---
title: "Real-world example: IPCA inflation"
output: rmarkdown::html_vignette
vignette: >
  %\VignetteIndexEntry{Real-world example: IPCA inflation}
  %\VignetteEngine{knitr::rmarkdown}
  %\VignetteEncoding{UTF-8}
---

```{r, include = FALSE}
knitr::opts_chunk$set(
  collapse = TRUE,
  comment = "#>",
  eval = FALSE
)
```

## Introduction

This vignette walks through a realistic analysis using ibger: downloading
IPCA (Índice Nacional de Preços ao Consumidor Amplo) inflation data and
preparing it for visualization and reporting.

IPCA is Brazil's official consumer price index, calculated monthly by IBGE.
The data is available through aggregate **7060**.

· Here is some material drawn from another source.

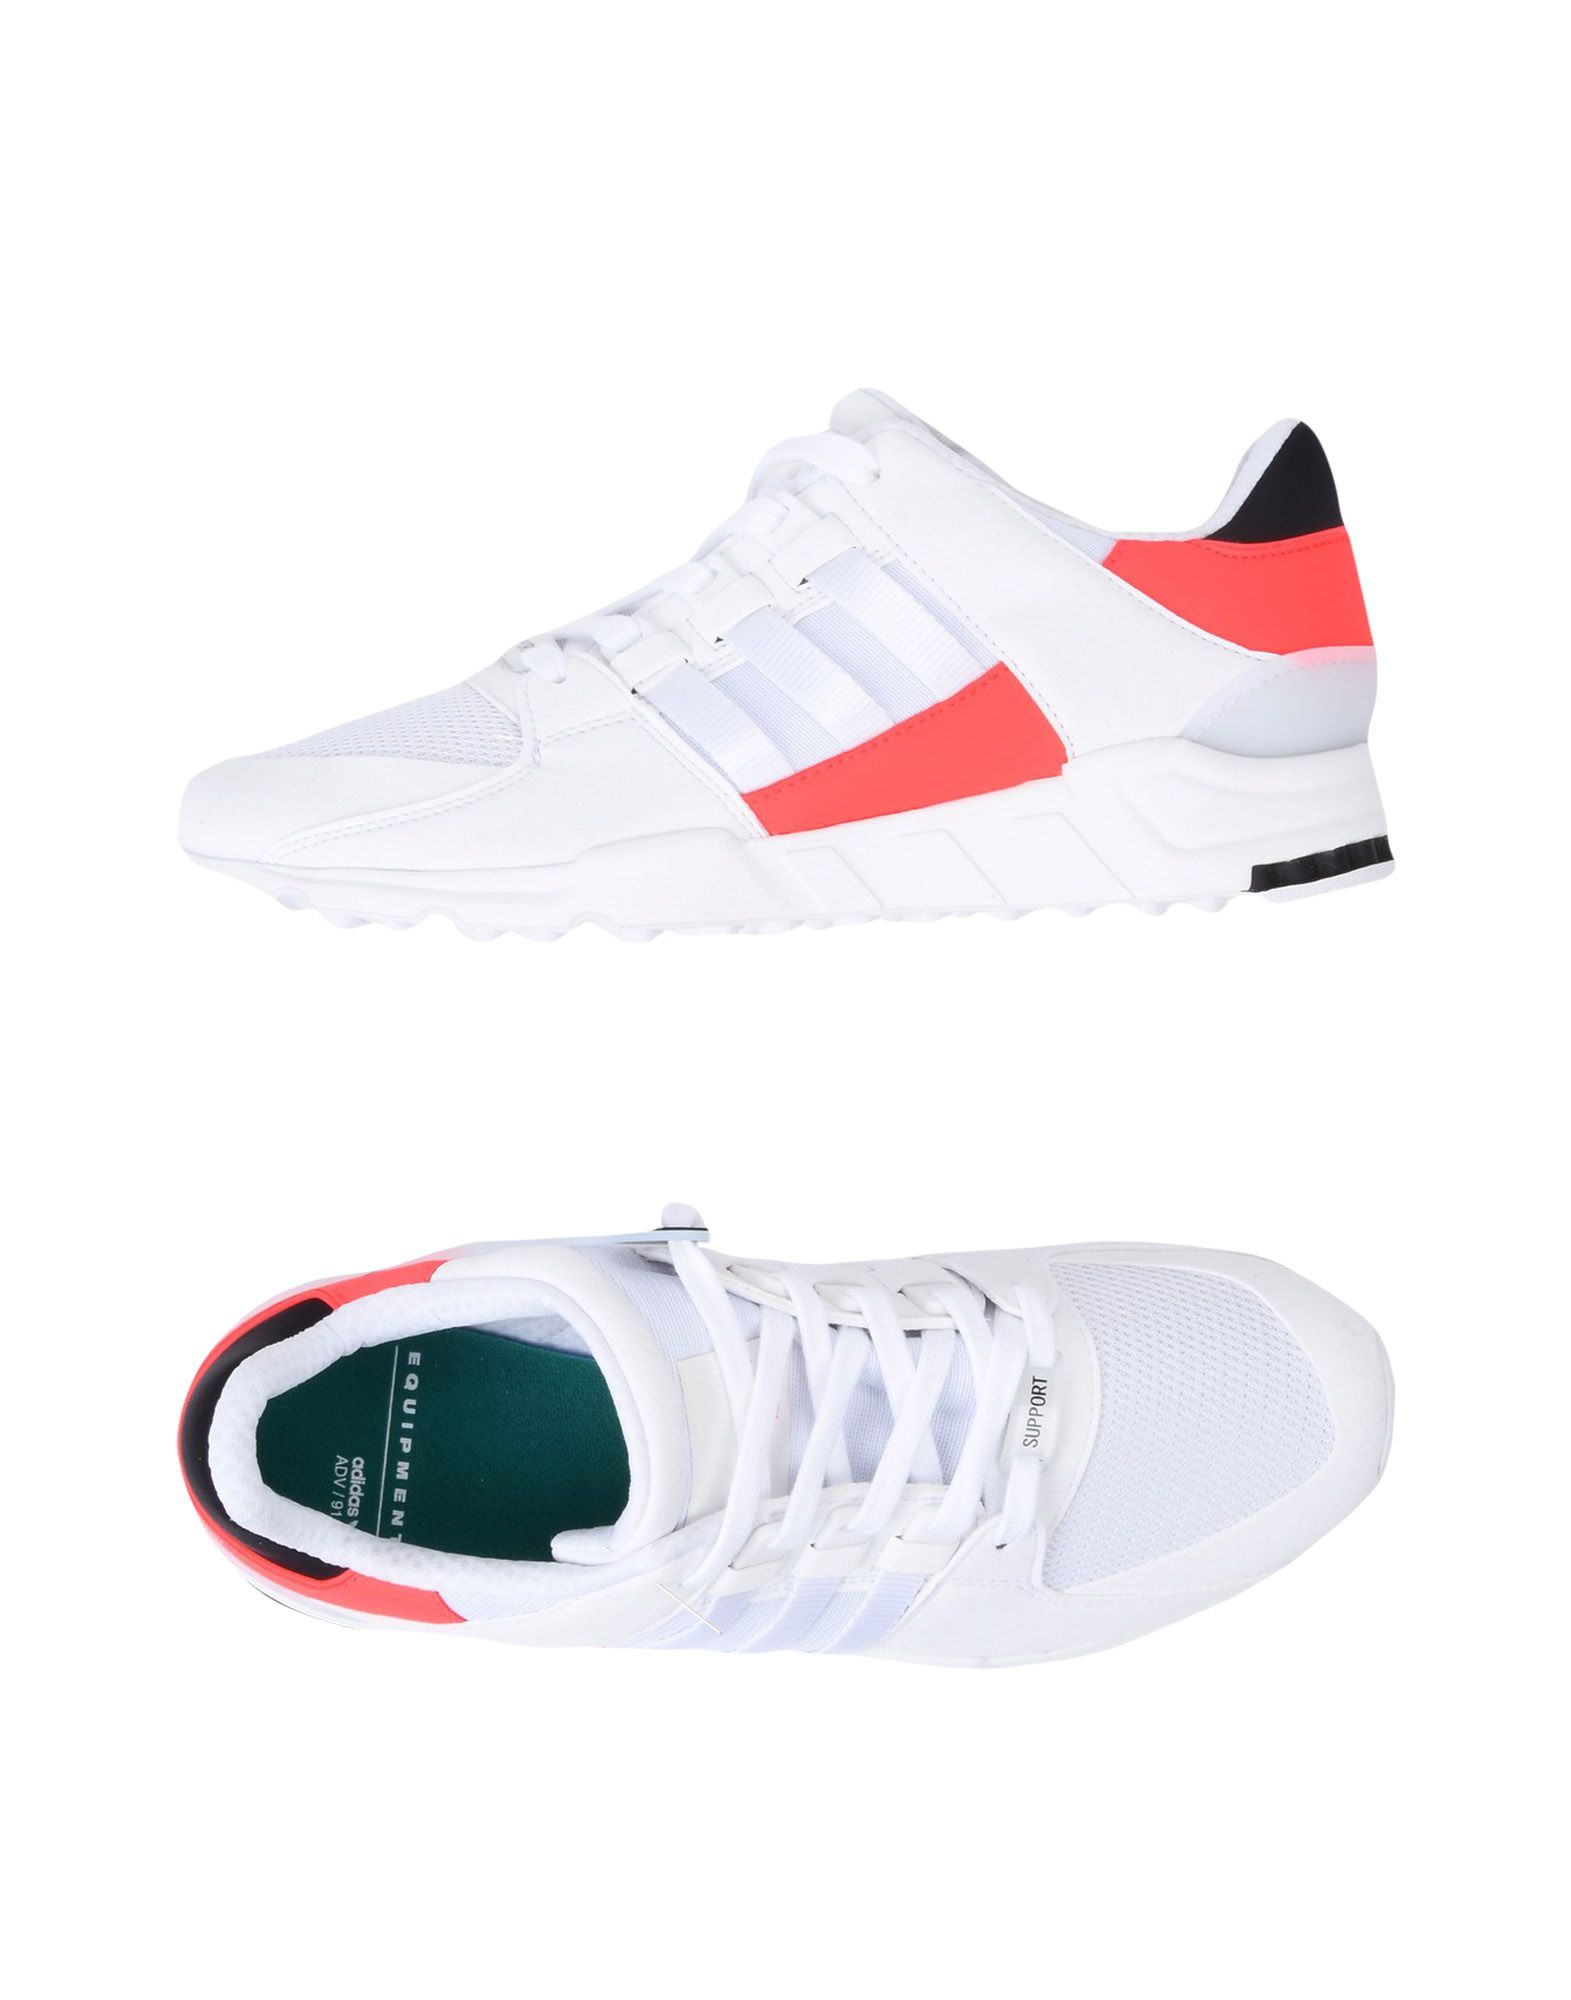 Sneakers Adidas Originals Eqt Support Rf - Uomo - 11238097BM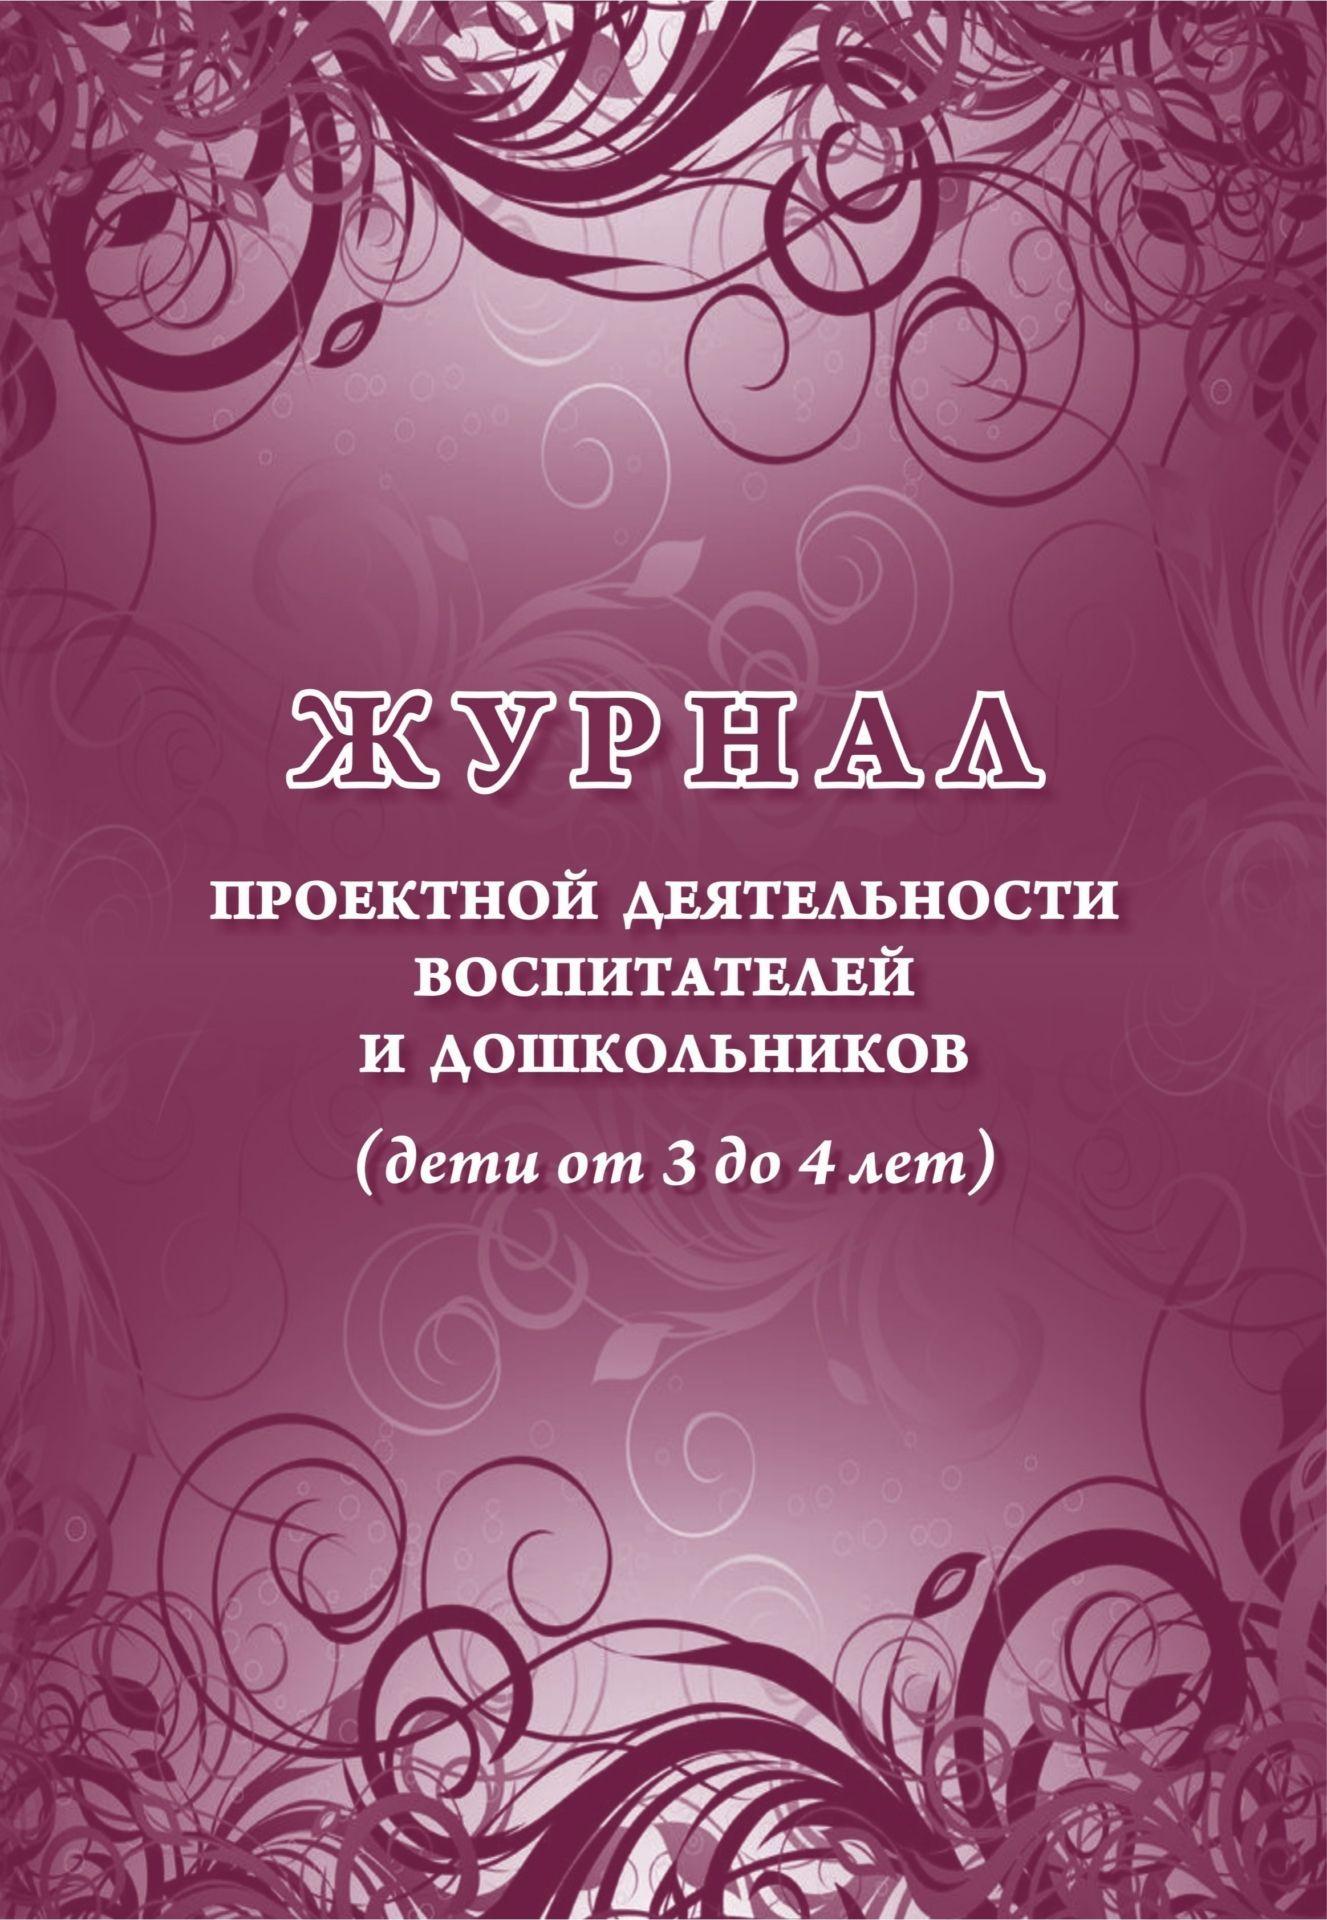 Журнал проектной деятельности воспитателей и дошкольников (дети от 3 до 4 лет)

## Step 1 — Explore the aggregate

```{r}
library(ibger)
library(dplyr)
library(tidyr)
library(ggplot2)

meta <- ibge_metadata(7060)
meta
```

Key information from the metadata:

- **Periodicity**: monthly, from 202001 onwards
- **Geographic levels**: N1 (Brazil), N6 (municipality), N7 (metropolitan area)
- **Variables**: monthly change (63), year-to-date (69), 12-month
  cumulative (2265), and monthly weight (66)
- **Classification 315**: product groups — 365 categories organized in a
  hierarchy from the general index down to individual items

```{r}
# See what variables are available
meta$variables

# Peek at the classification categories
tidyr::unnest(meta$classifications, categories) |>
  head(20)
```

## Step 2 — Monthly IPCA for Brazil

Let's get the monthly variation for the last 24 months:

```{r}
ipca_br <- ibge_variables(
  aggregate  = 7060,
  variable   = 63,
  periods    = -24,
  localities = "BR"
)

ipca_br
```

The `value` column is character because of the API's special values
(see `?parse_ibge_value`). Use `parse_ibge_value()` to convert:

```{r}
ipca_br <- ipca_br |>
  mutate(
    value = parse_ibge_value(value),
    date  = as.Date(paste0(period, "01"), format = "%Y%m%d")
  )
```

### Plot the monthly variation

```{r}
ggplot(ipca_br, aes(date, value)) +
  geom_col(fill = "#2e86c1", alpha = 0.8) +
  geom_hline(yintercept = 0, linewidth = 0.3) +
  labs(
    title    = "IPCA — Monthly variation (%)",
    subtitle = "Brazil, last 24 months",
    x = NULL, y = "Variation (%)",
    caption  = "Source: IBGE via ibger"
  ) +
  theme_minimal()
```

## Step 3 — Compare accumulation measures

Get all three variation variables at once:

```{r}
ipca_vars <- ibge_variables(
  aggregate  = 7060,
  variable   = c(63, 69, 2265),
  periods    = -12,
  localities = "BR"
)

ipca_vars <- ipca_vars |>
  mutate(
    value = parse_ibge_value(value),
    date  = as.Date(paste0(period, "01"), format = "%Y%m%d")
  )

ggplot(ipca_vars, aes(date, value, colour = variable_name)) +
  geom_line(linewidth = 0.8) +
  geom_point(size = 1.5) +
  labs(
    title  = "IPCA — Three measures of variation",
    x = NULL, y = "%", colour = NULL,
    caption = "Source: IBGE via ibger"
  ) +
  theme_minimal() +
  theme(legend.position = "bottom")
```

## Step 4 — Breakdown by product group

Classification 315 organizes IPCA items hierarchically. The top-level
groups (level 1 categories) are things like Food and beverages (7170),
Housing (7445), Transportation (7486), etc.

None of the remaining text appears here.